BYD Breaks Through: The Real Logic Behind Chinese Brands' Penetration of Spain

From a data perspective, Chinese brands' performance in Spain is evolving from "dark horse" to "regular" status.

◎ BYD sold 2,434 units in May, a surge of 1099%, breaking through the 2% market share threshold for the first time and leaping to 19th place in the brand rankings. ◎ MG remained firmly in ninth place with sales of 5,333 units, a year-on-year increase of over 114%, and the ZS model topped the third spot in the segment's best-sellers list. This high growth is not fortuitous. The electrification process in the Spanish market lags behind markets like Norway and the Netherlands, creating a "structural gap" characterized by price sensitivity, rapidly increasing penetration rates, but a supply that has yet to fully align. BYD's Seal U, Dolphin, Seal, and other models fill this demand niche—combining the space of a mid-size SUV with a price range of 100,000 to 300,000 yuan, equipped with advanced electrification capabilities, outperforming competitors in the same price bracket in terms of energy consumption, range, and configuration.

More importantly, it's about the evolution of channel layout and brand perception.

◎ MG leveraged partnerships with established distributors in Western Europe to achieve a leverage effect, requiring lower brand investment for greater volume. ◎ BYD adopted a parallel approach of direct and semi-direct sales, supplemented by a strong presence at auto shows and offline experience centers, enhancing brand recognition while establishing price anchors and technology labels. On this map of Chinese brand distribution, MG breaks through the traditional fuel and new energy markets with a "new European" identity, BYD focuses on new energy, Chery taps into the trendy design faction with Omoda and Jaecoo, while Leapmotor, XPeng, and others test the waters of urban light users with a "technology label". This combination of "brand stratification + product stratification + strategy stratification" showcases the tactical diversity of Chinese brands in responding to overseas markets.

Of course, the current market share is far from indicating that they have "established a firm foothold," but "breaking in" has become an undeniable fact. Taking BYD as an example, the sales of a single Seal U model in May exceeded the combined total of Volvo or Jeep; and MG 3 and MG HS are also challenging the traditional strongholds of Volkswagen Polo and Renault Captur.

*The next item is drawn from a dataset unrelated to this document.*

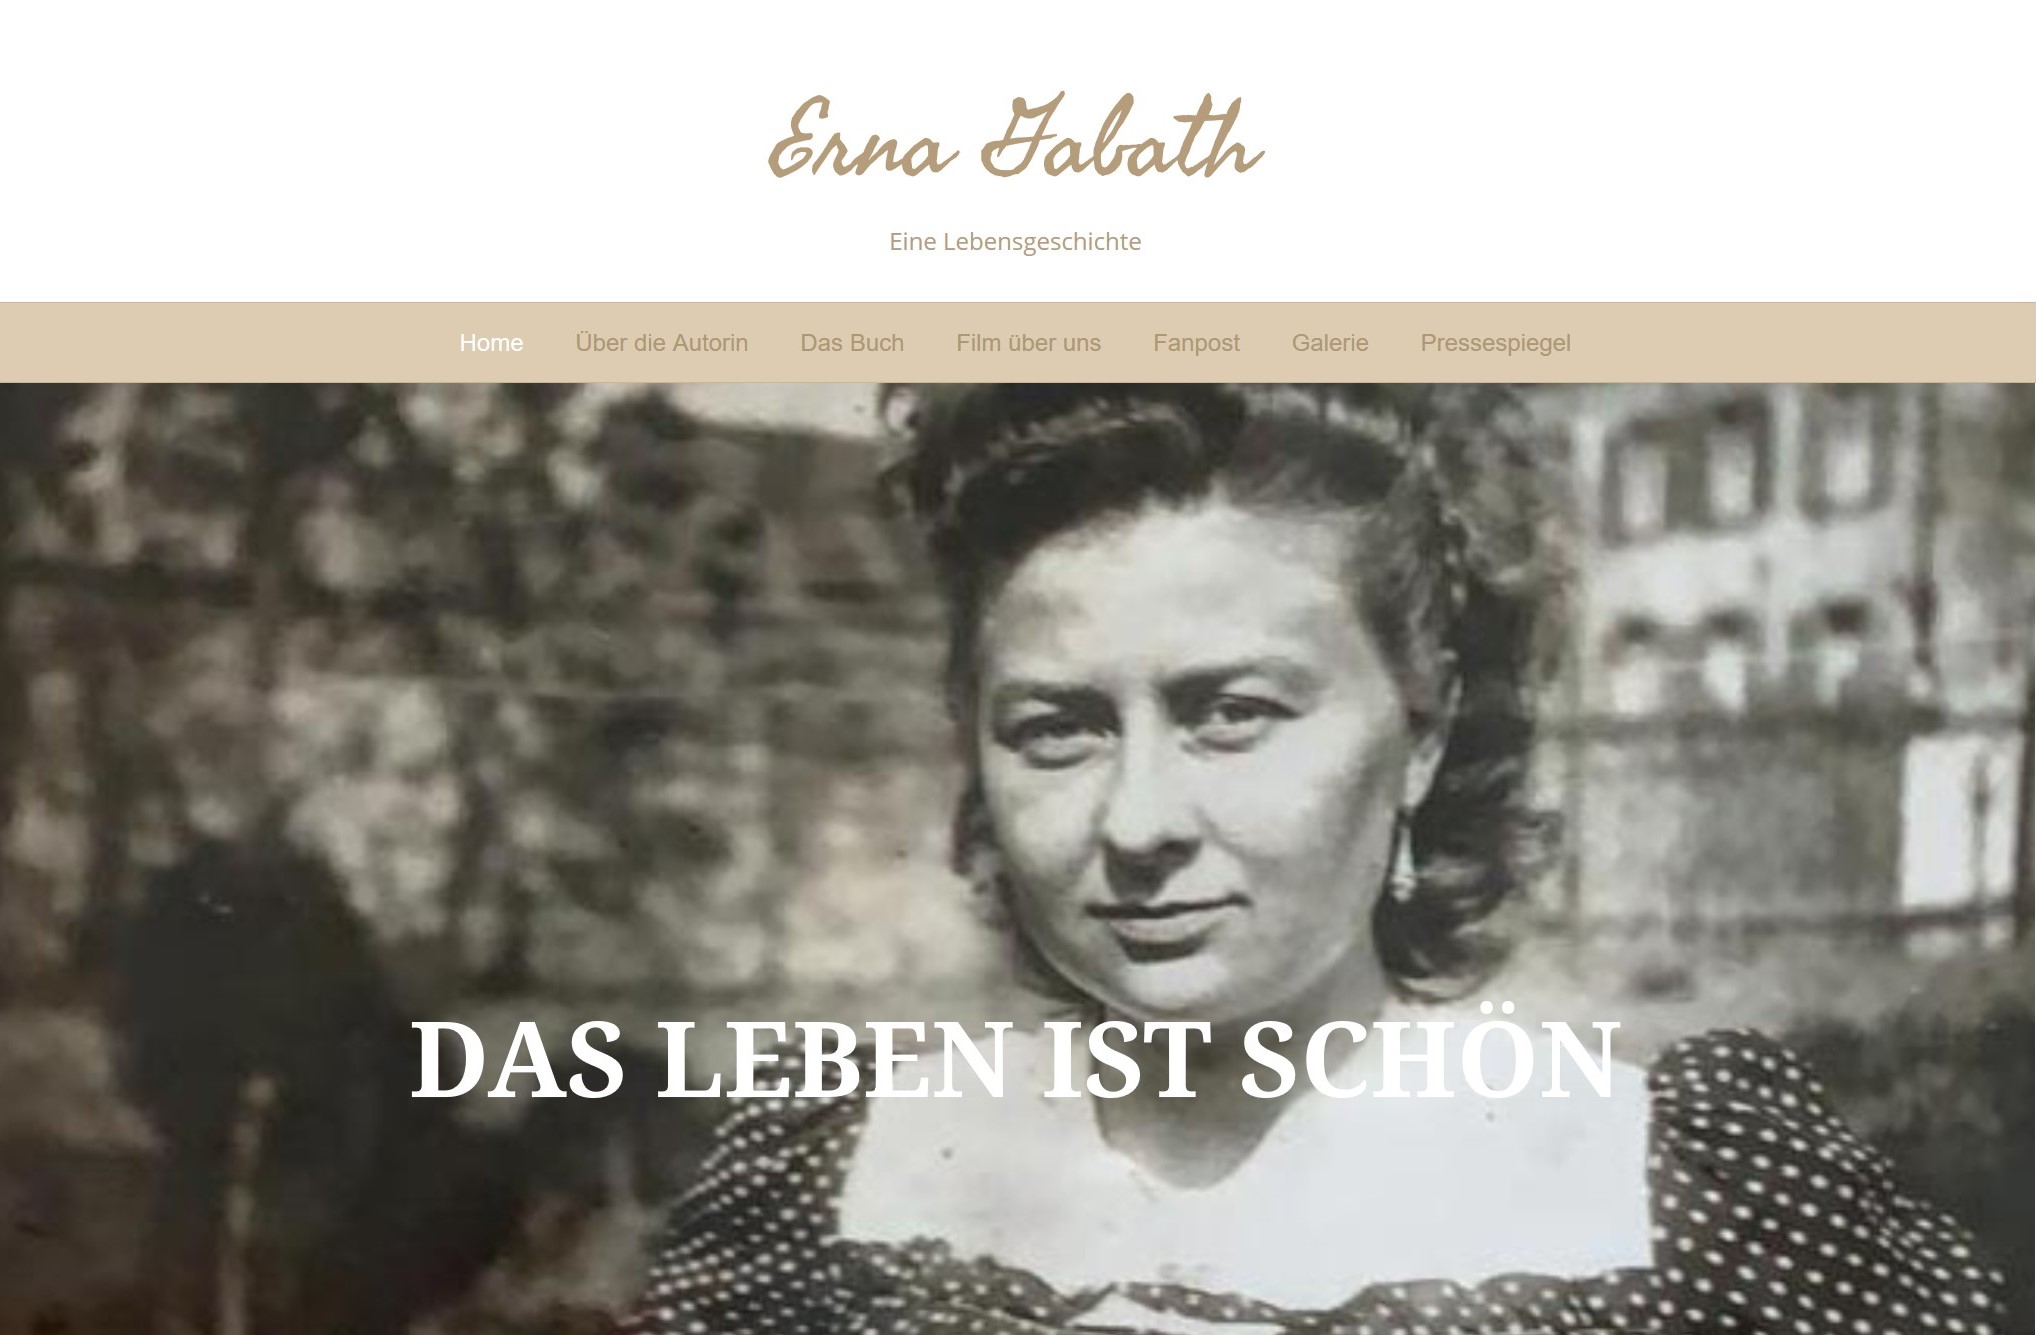 Frauenliteratur das Leben der Erna Gabath

If the UK serves as the branding experimental field for Chinese automakers, and Norway as the test bed for technology and subsidy benefits, then Spain is the "proving ground" for structural penetration capabilities.

Here, there is no brand loyalty for German cars, nor are there high subsidies like in Nordic markets, nor is there strong local brand protection like in France.

Its consumption structure is pragmatic: extremely price-sensitive, well-developed leasing systems, a vast small car market, and electric acceptance at a pivotal point. This provides an ideal stage for Chinese brands to cut in through "price wars" and then leverage "configuration and intelligence" to execute an upward assault.

BYD's breakthrough is just the beginning, and MG's stability is but a testament to normalization. As the EU's anti-subsidy investigation into Chinese electric vehicles unfolds, the next phase of competition for Chinese brands will extend beyond merely "selling cars" to constructing a sustainable European methodology amidst rule-making, brand recognition, and continuous channel management.

Summary

The battle in Spain marks the commencement, not the conclusion, of China's entry into Europe. Whether Chinese brands can truly penetrate France, Germany, Italy, and other "European axes" hinges on their ability to move beyond the comfort zone of "product competition" and establish system capabilities in branding, trust, and technology narratives.